Ojo is a primarily residential town, although it contains some major markets, including Alaba International Market, Alaba Livestock Market (Alaba Rago), the old Lagos International Trade Fair complex, and Iyana-Iba Market. It also houses the divisional headquarters of the 81st Division of the Nigerian Army and Navy Town.

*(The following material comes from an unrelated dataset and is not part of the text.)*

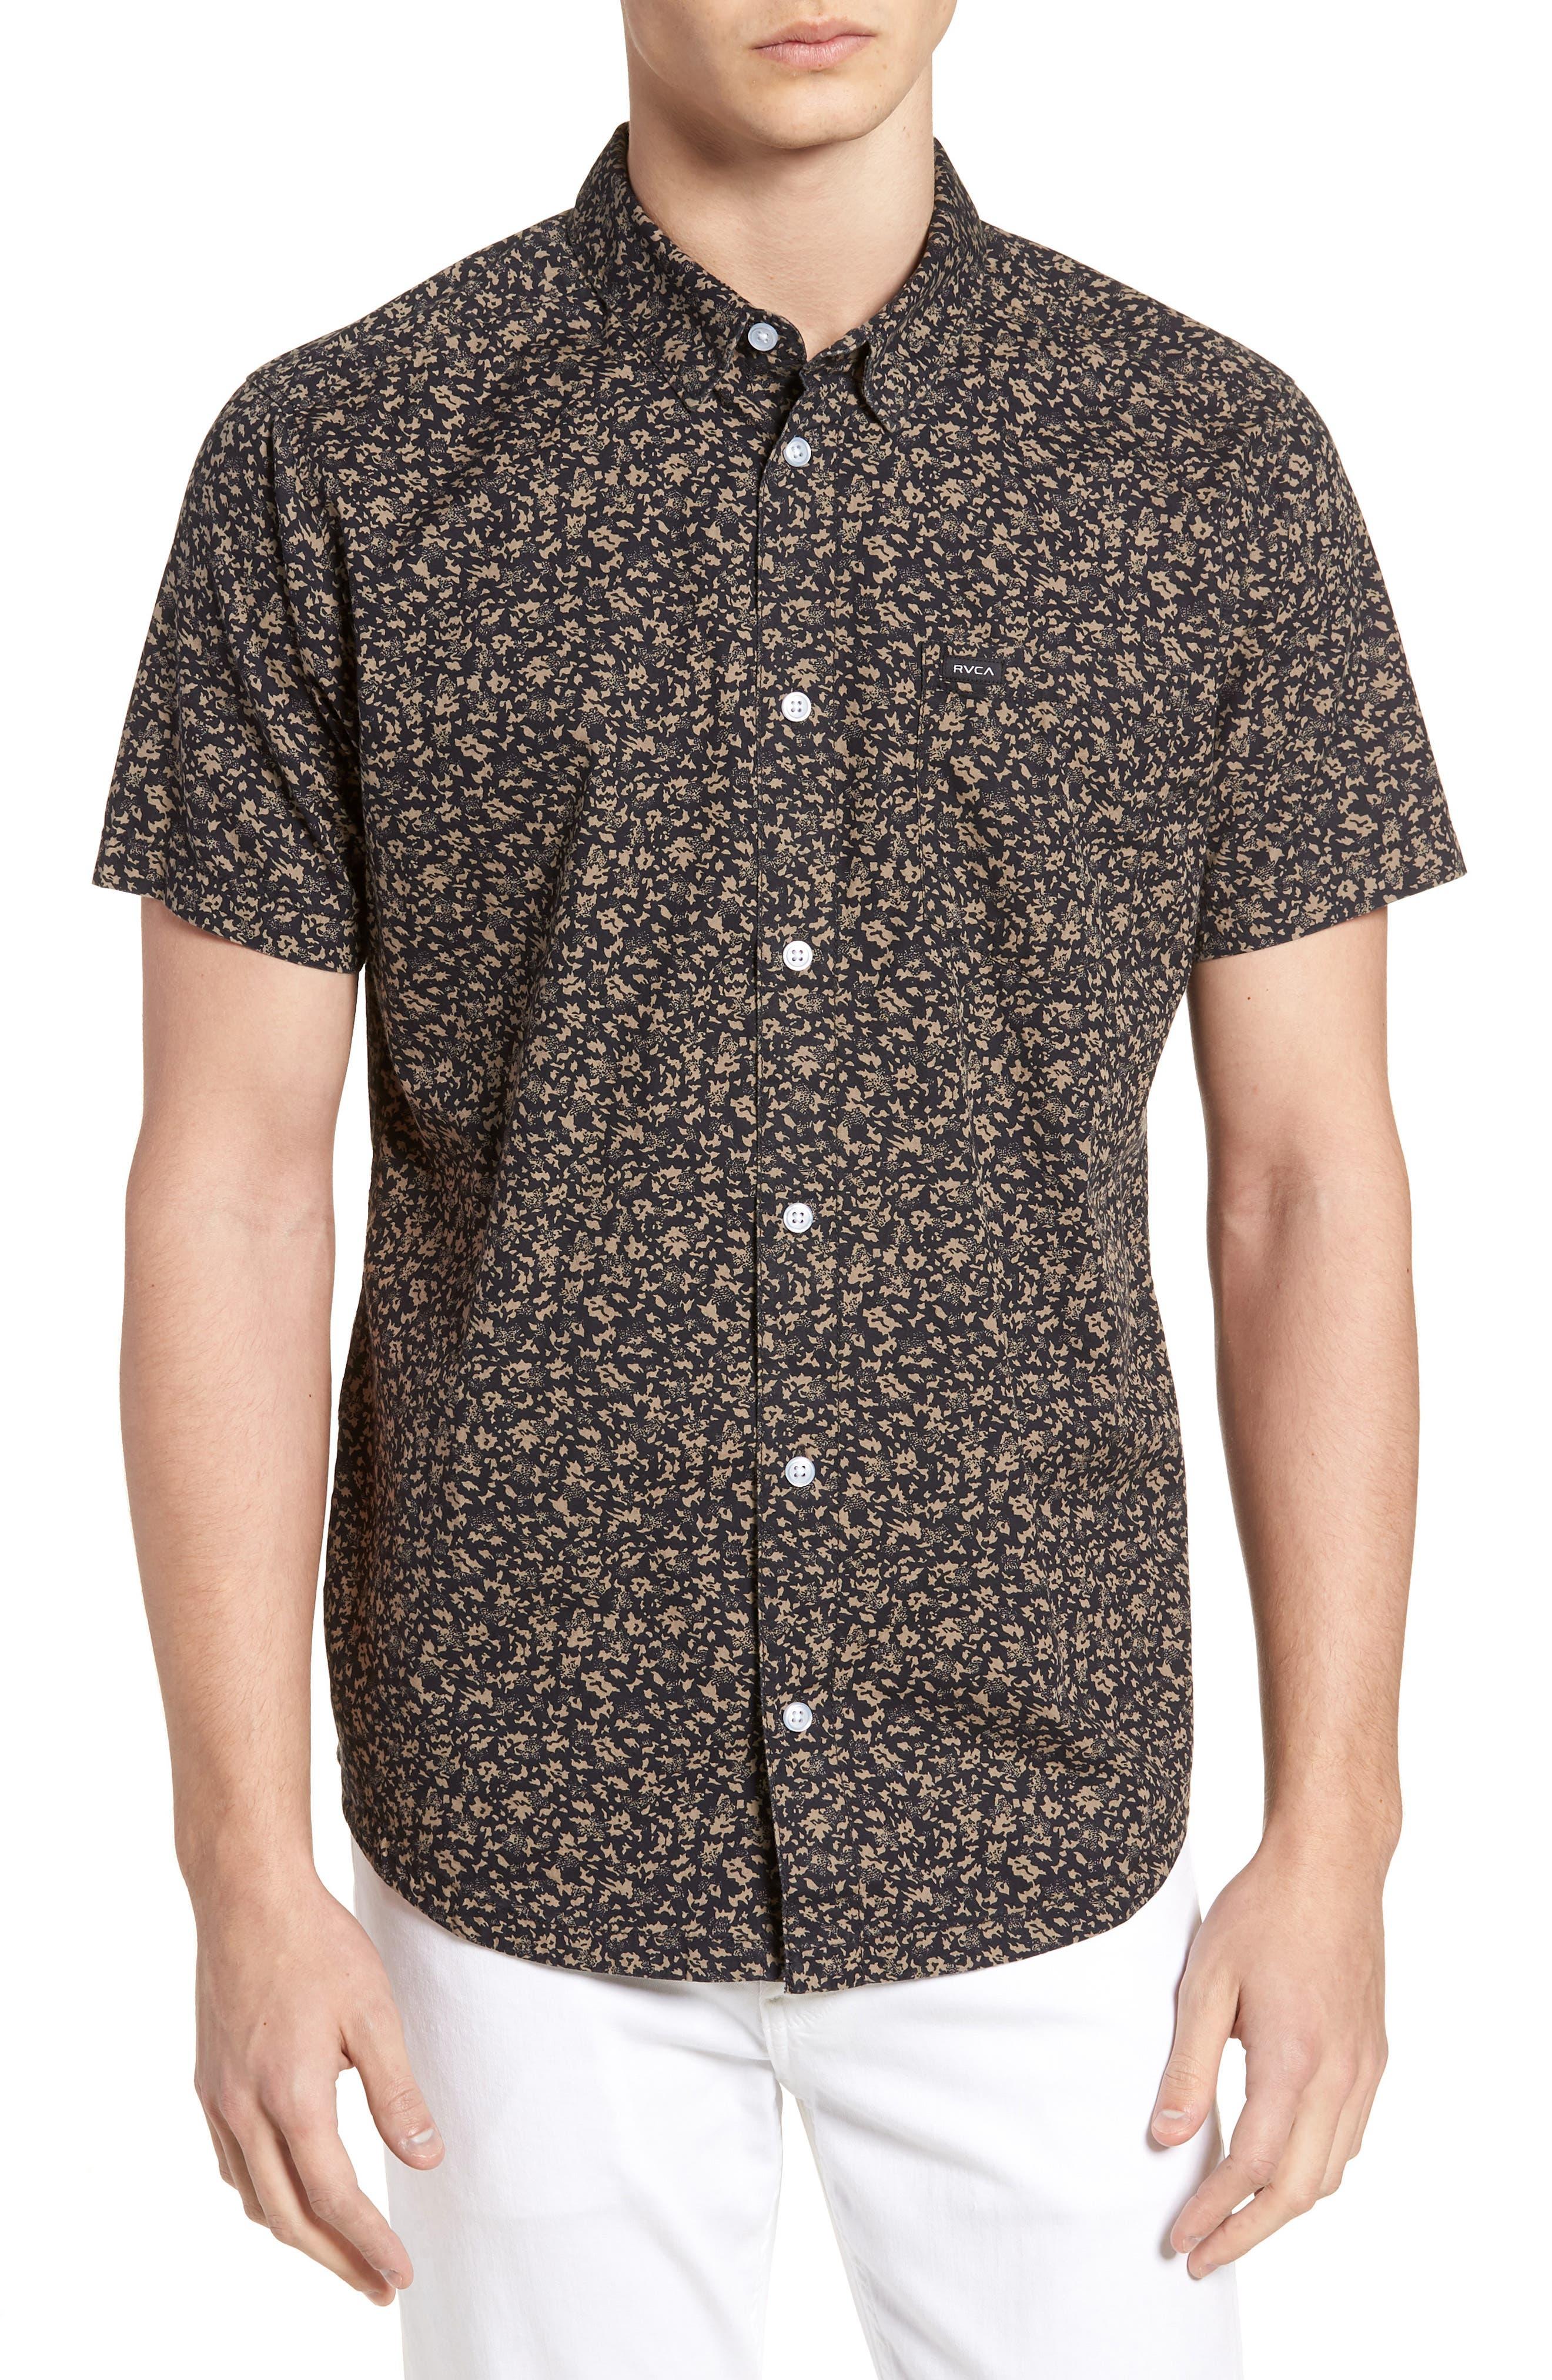 Dresden Woven Shirt,                         Main,                         color, Pirate Black

South of the town (across Badagry Creek), the rest of the local government area is more sparsely populated and consists of mangrove swamps and sandy beaches. Some of these beaches become holiday spots during the festive season. Wildlife mostly consists of reptiles, rodents and birds, including crocodiles, iguanas, monitor lizards, and squirrels. Whales and dolphins have been known to visit the coastal areas near Ojo.

==History==
Oral tradition states that Ojo was founded by Esugbemi, his wife Erelu, and chief priest Osu when they migrated from Ile-Ife to form a settlement named Ilufe. Esugbemi was a hunter who explored the swamp forests in the area, which later became the town. During his expeditions, he became convinced that he ought to expand the settlement. Osu consulted an oracle, which affirmed his decision at Ikemo in the present-day Olojo District. The new town invited other Awori settlers from Iddo Island and Idumota, who built Irewe Osolu, south of Oto-Awori.

The western (Oto-Awori) and northern (Iba and Igbo-elerin) parts of Ojo developed independently as a result of the settlement of later Awori migrants from Ile-Ife. The migrants first settled in Obadore in Iba before expanding towards the west and southwest. Oto-Awori was ruled by a baale until a king was first nominated. This nomination was opposed by the oracle, which led to the formation of Oto-Awori and Otto-Iddo.
Eventually, an Oba from Oto-Awori ascended the throne in the late 18th century to rule alongside the Olojo of Ojo.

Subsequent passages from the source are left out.